Across the six non-CCDS genomic classes (Fig. 2d), we identified the following numbers of noncoding pathogenic variants (Supplementary Fig. 6): 427 in UTRs, 47 in intergenic regions, 47 in lincRNAs, 2 in VISTA enhancers, 0 in UCNEs, and 5052 in introns (across 125, 22, 6, 2, 0 and 1606 unique 3 kb windows, respectively). We also captured 51,230 variants across 3618 unique windows for CCDS regions based on the ClinVar annotation.

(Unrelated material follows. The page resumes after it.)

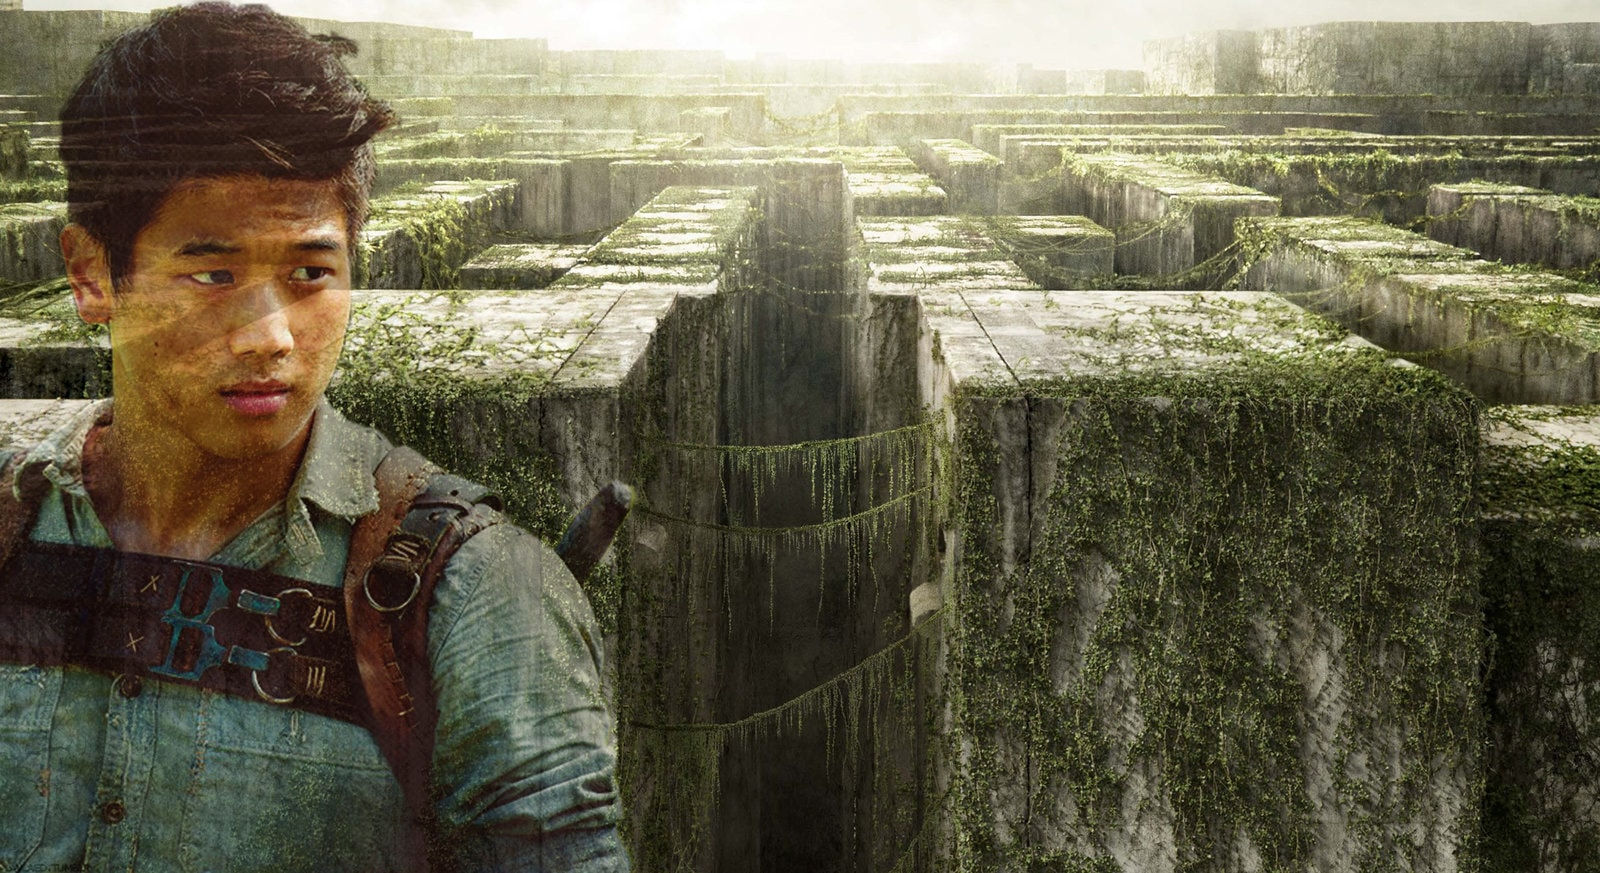 The Maze Runner Wallpaper

We then trained a logistic regression model with fivefold cross-validation, using gwRVIS or another genome-wide score (CADD24, phastCons46way25, phyloP46way26, and Orion9) as the only independent variable predictor (see “Methods”). We focused on the four noncoding genetic classes that have at least 20 distinct noncoding windows harboring pathogenic variants (lincRNAs, UTRs, intergenic, and introns). Remarkably, we observed that gwRVIS achieves the highest performance in pathogenic variant classification from lincRNA regions (AUC = 0.937; Fig. 3a), which is significantly better than the performance of phyloP46way, phastCons46way and Orion but not from CADD (DeLong test: p = 5.83 × 10−3; p = 1.7 × 10−3 p = 0.012 and p = 0.64, respectively; Supplementary Fig. 16 and Supplementary Table 1). Similarly, gwRVIS performs better than all other scores in intergenic regions (AUC = 0.763; Fig. 3b), with significantly better performance than phyloP46way, phastCons46way and Orion but not CADD (DeLong test: p = 2.65 × 10−6; p = 6.2 × 10−3 p = 0.02 and p = 0.34, respectively; Supplementary Fig. 16 and Supplementary Table 2). In UTRs, gwRVIS’s performance drops but remains significantly higher than Orion (AUCs: 0.732 vs. 0.597, DeLong test p = 4.71 × 10−4; Fig. 3c and Supplementary Table 3).
Mean ROC curves (with fivefold cross-validation) from gwRVIS benchmarking against CADD, phastCons (46-way), phyloP (46 way), and Orion, during ClinVar-pathogenic vs. denovodb-benign variant classification for three noncoding genomic classes: a lincRNAs, b intergenic regions, and c UTRs. The combined performance of gwRVIS with CADD is also shown. ncRVIS is included in the benchmarking of the UTR regions (c), as a robust score specifically designed for the UTR genomic class. One-sided DeLong’s tests have been performed to assess the statistical significance of the differences in predictive power between gwRVIS and the rest of genome-wide scores.
In order to estimate the contribution of gwRVIS information in noncoding variant detection, we also trained a multiple logistic regression model using gwRVIS and CADD as the independent variables. We observe, that gwRVIS significantly boosts CADD’s performance (Fig. 3) in lincRNAs (AUC: increased to 0.937 from 0.895; DeLong test p = 0.036), intergenic regions (AUC: increased to 0.809 from 0.741, even though non significantly; DeLong test p = 0.07) and UTRs (AUC: increased to 0.835 from 0.777; DeLong test p = 4.18 × 10−23). This indicates that gwRVIS captures orthogonal information that is not represented among the 63 distinct annotations/features employed by CADD. Moreover, although ncRVIS is the top-performing single score in UTRs (AUC = 0.823), it is lower than the combined gwRVIS and CADD score (AUC = 0.835).
We have also observed that gwRVIS is not superior in classifying pathogenic variants within protein-coding CCDS or intronic regions (Supplementary Fig. 7). This is expected as the intention of gwRVIS is to support the interpretation of the noncoding sequence where, unlike the protein-coding sequence, there is no information about variant effects. Overall, based on its optimal performance in non-coding regions using a cross-validation framework and the performance boost in the combined model with CADD, gwRVIS values are likely to be highly generalizable to other datasets when seeking to prioritize candidate variants in the non-coding genome.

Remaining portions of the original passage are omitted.